(Raw data Opens)

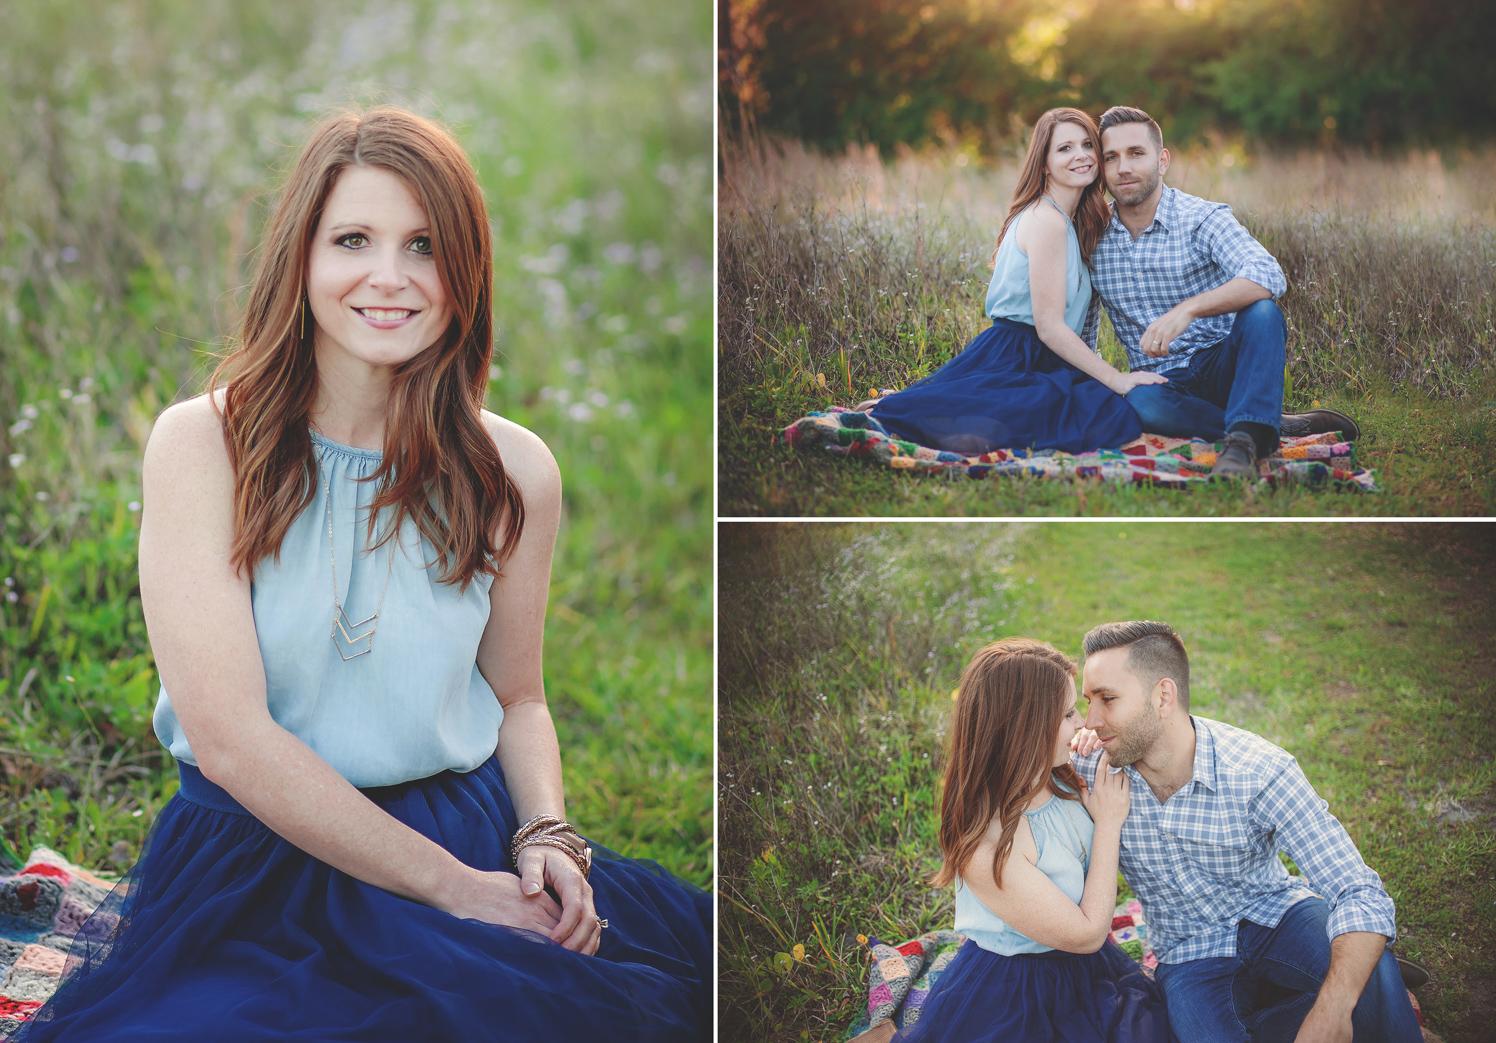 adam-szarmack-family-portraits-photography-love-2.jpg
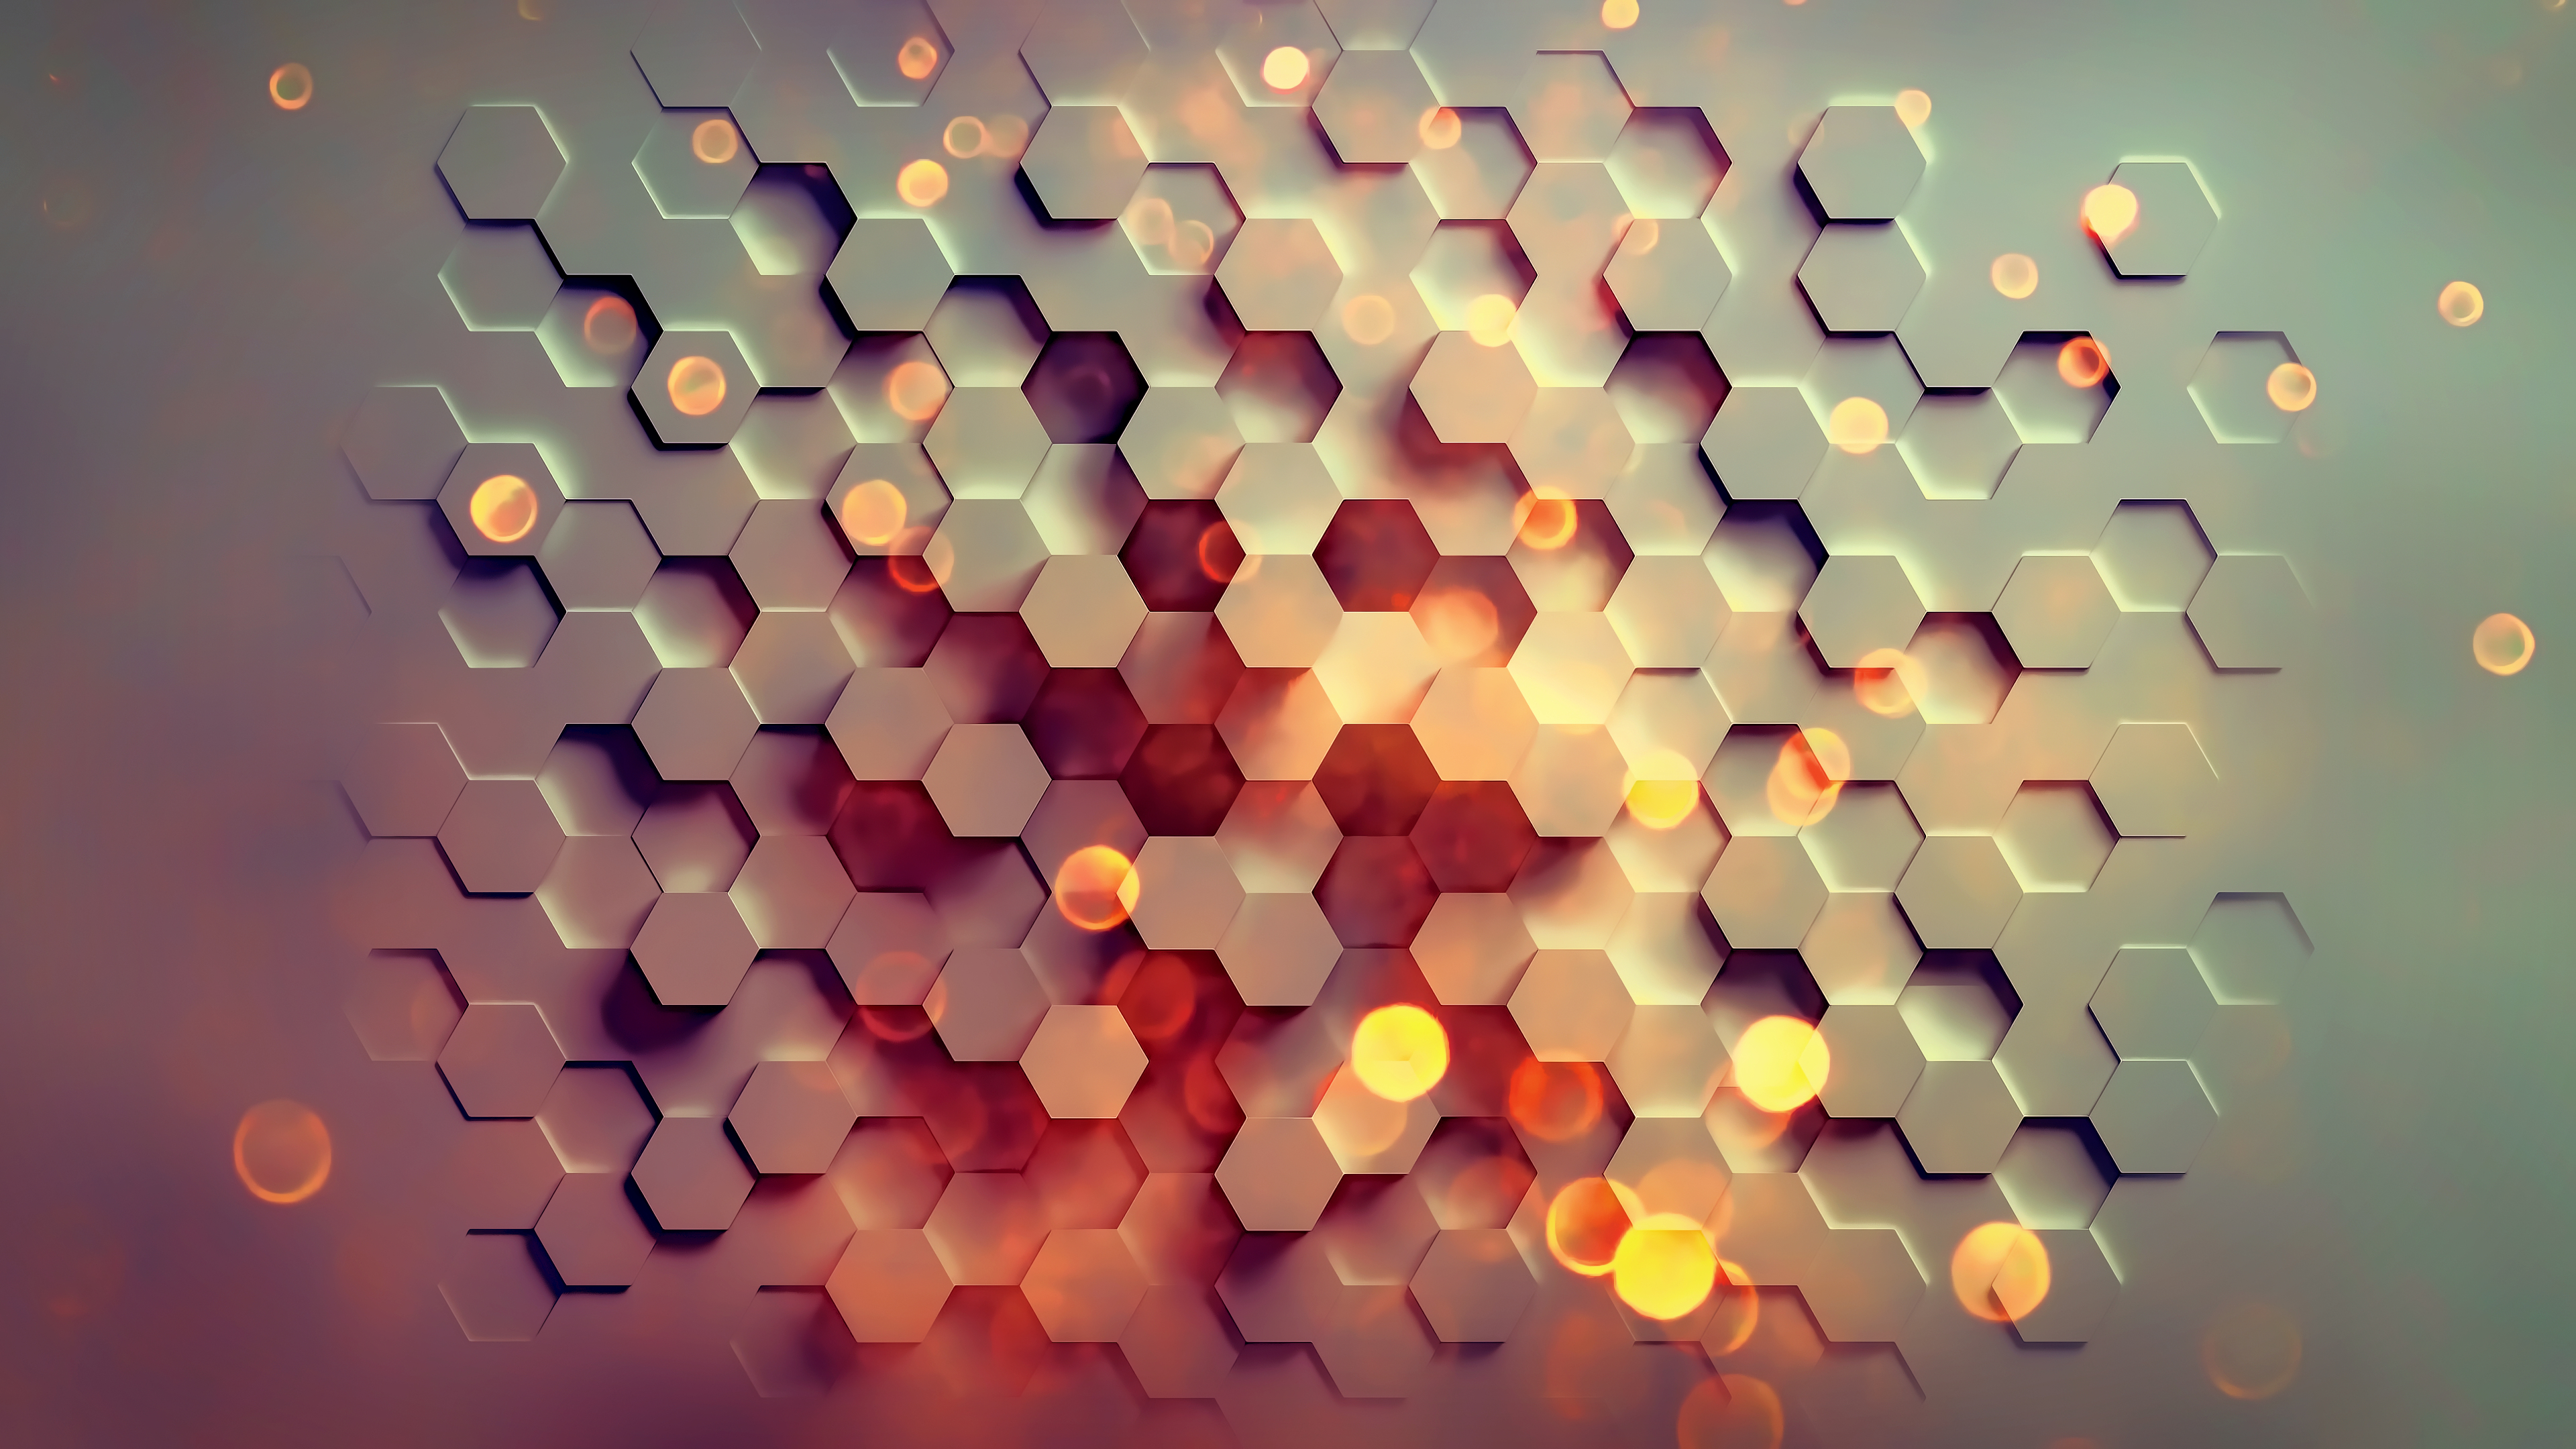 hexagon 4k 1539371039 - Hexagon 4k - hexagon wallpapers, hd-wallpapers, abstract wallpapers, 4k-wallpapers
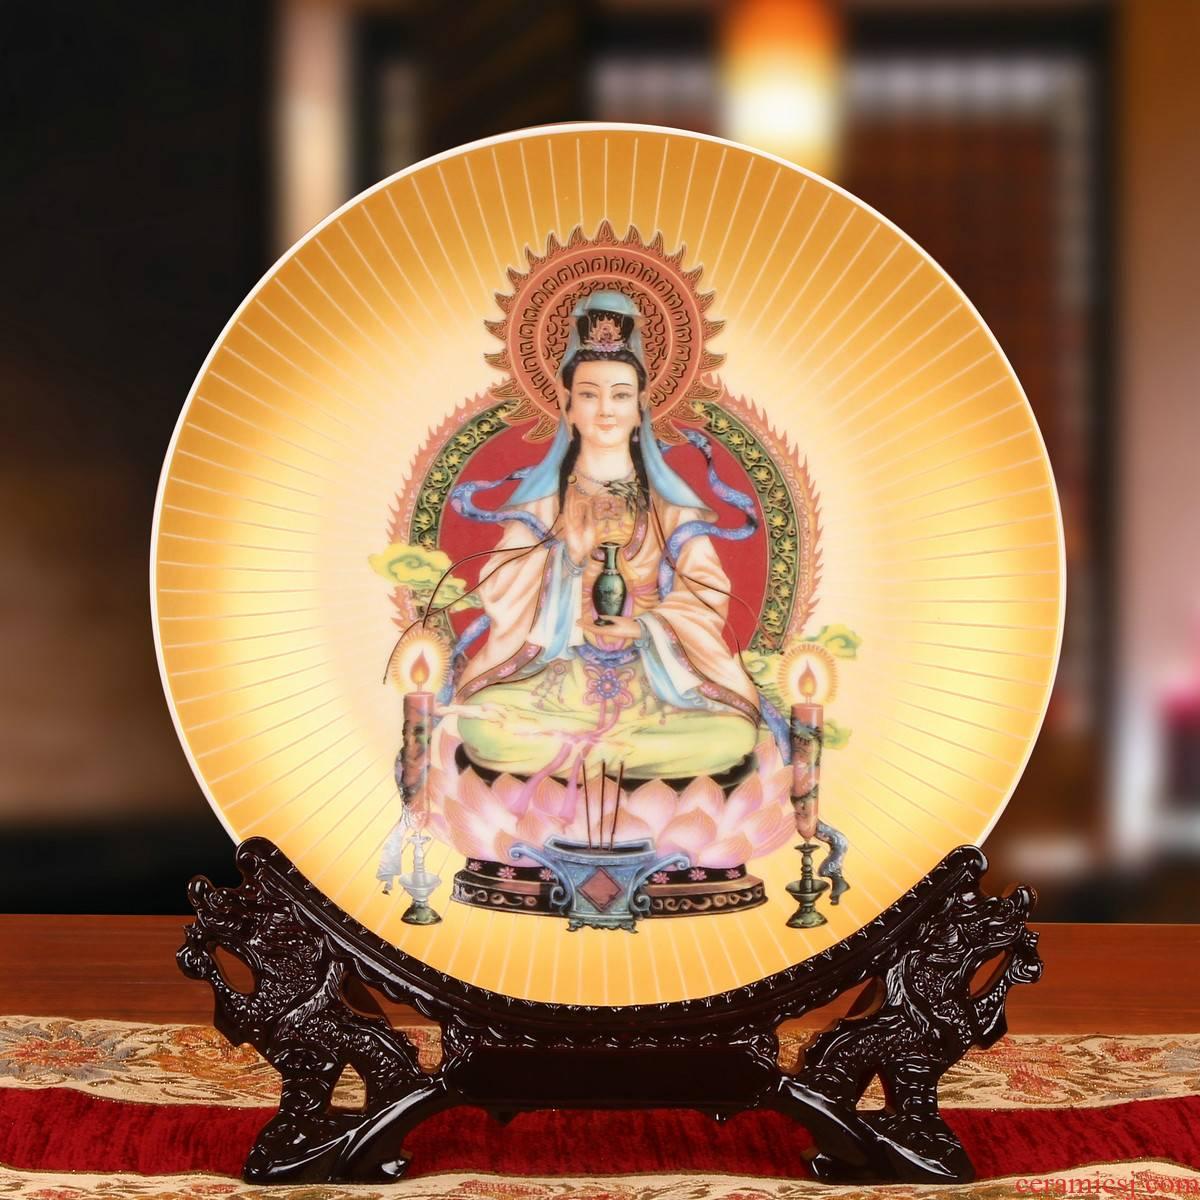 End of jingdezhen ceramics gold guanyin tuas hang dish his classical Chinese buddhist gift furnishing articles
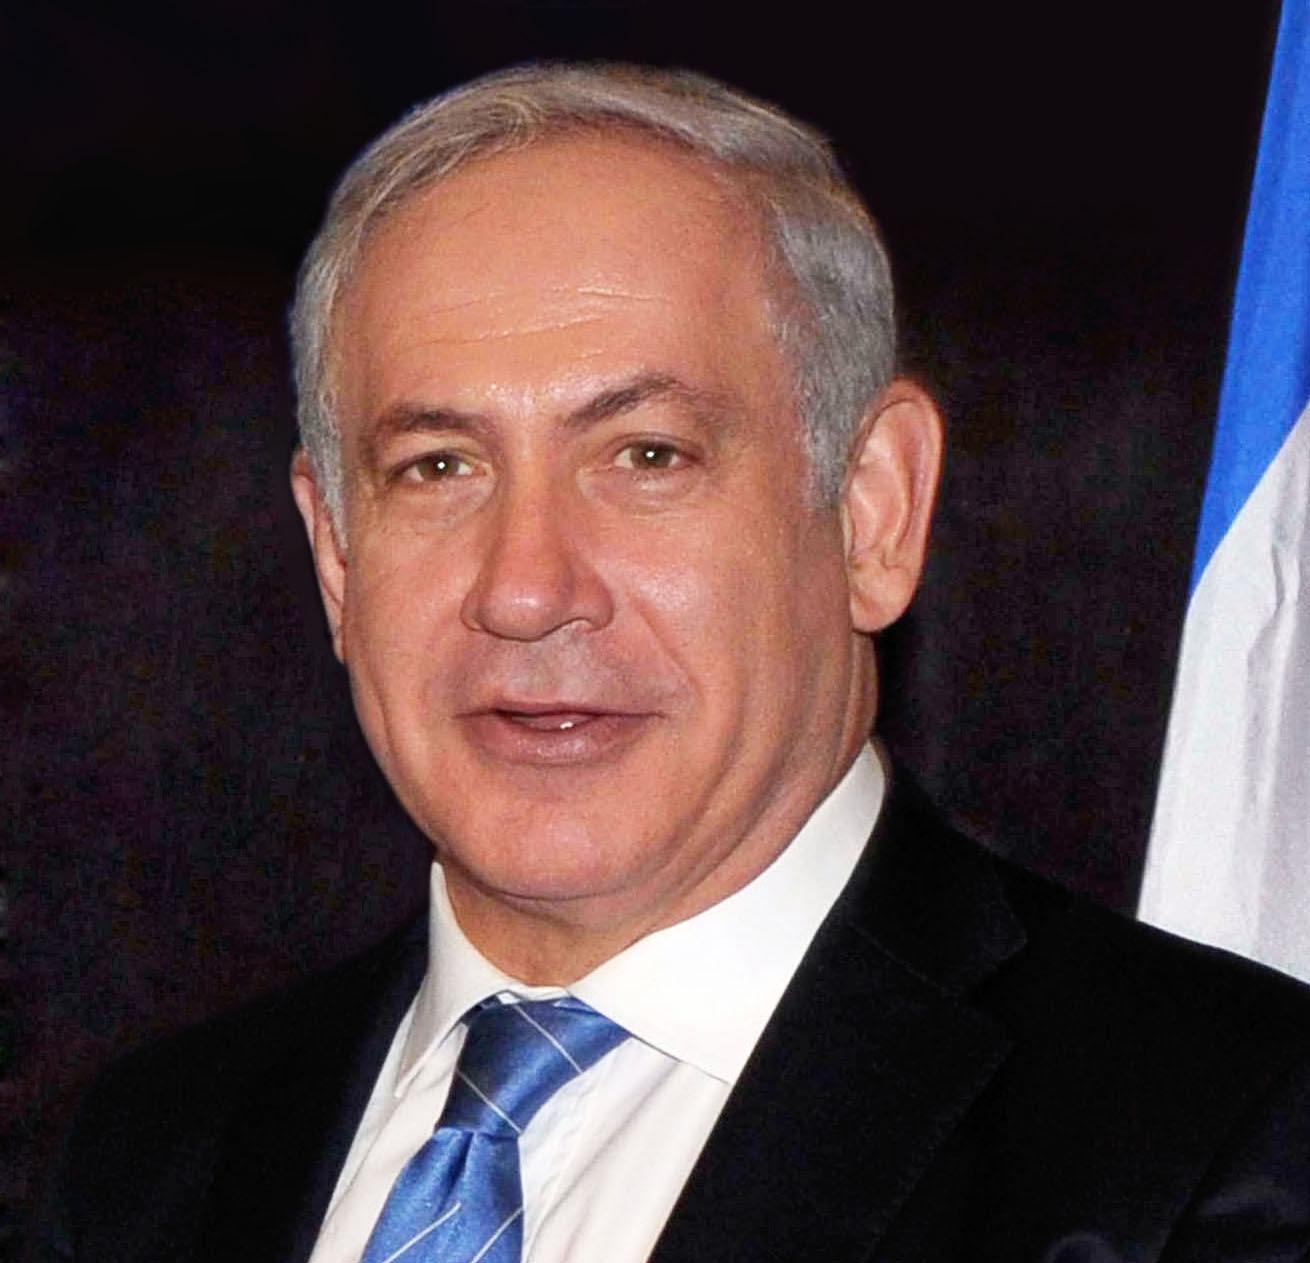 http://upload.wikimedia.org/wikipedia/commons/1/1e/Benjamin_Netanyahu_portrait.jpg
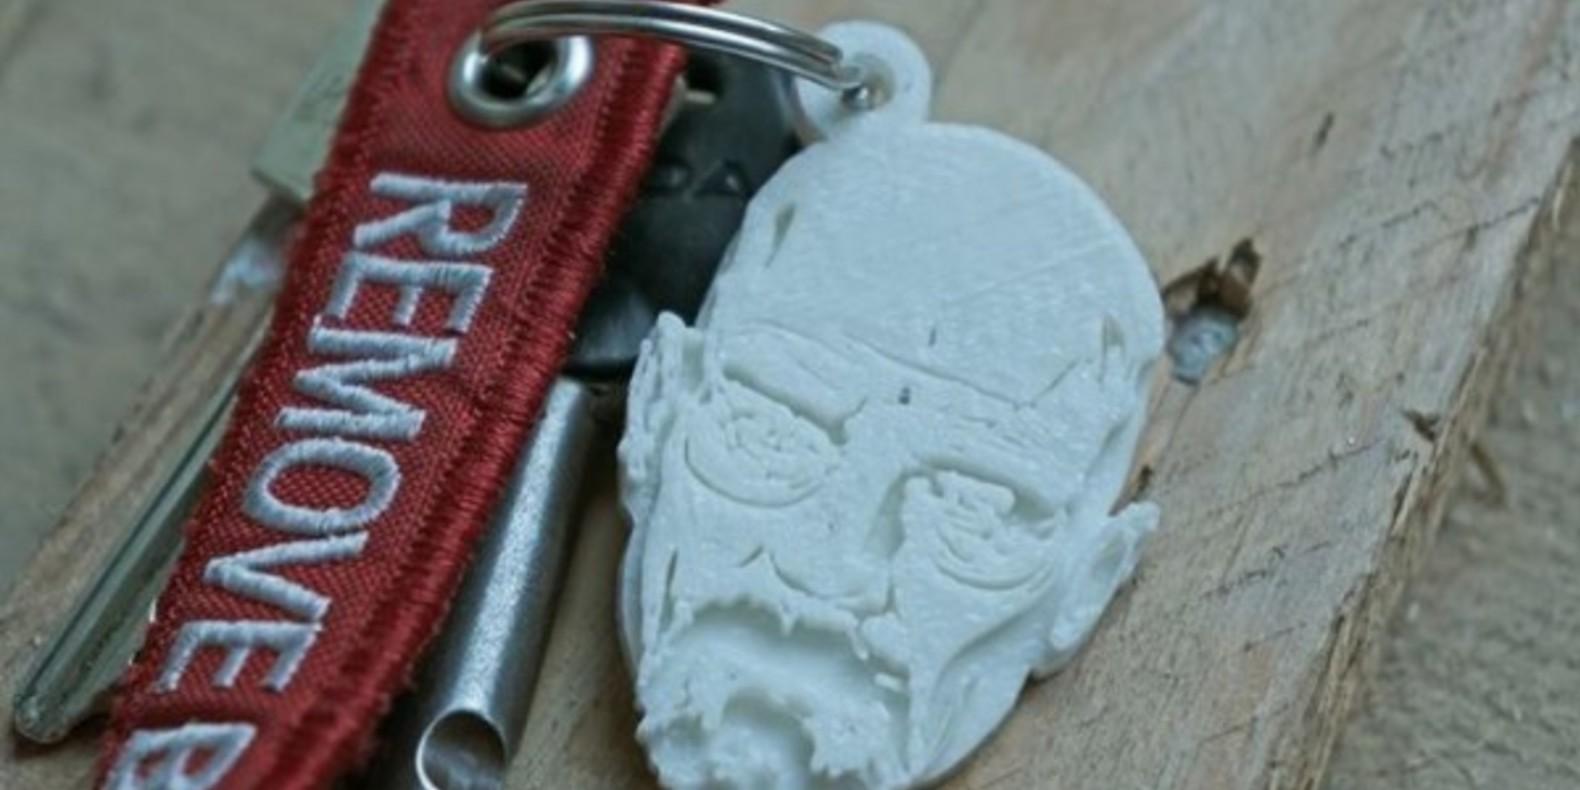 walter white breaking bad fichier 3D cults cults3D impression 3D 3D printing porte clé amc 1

(Raw data Closes)

What is being asked: Every entry should be written out word for word, except for its pictures.

Answer space:
 adam-szarmack-family-portraits-photography-love-2.jpg
 hexagon 4k 1539371039 - Hexagon 4k - hexagon wallpapers, hd-wallpapers, abstract wallpapers, 4k-wallpapers
 End of jingdezhen ceramics gold guanyin tuas hang dish his classical Chinese buddhist gift furnishing articles
 http://upload.wikimedia.org/wikipedia/commons/1/1e/Benjamin_Netanyahu_portrait.jpg
 walter white breaking bad fichier 3D cults cults3D impression 3D 3D printing porte clé amc 1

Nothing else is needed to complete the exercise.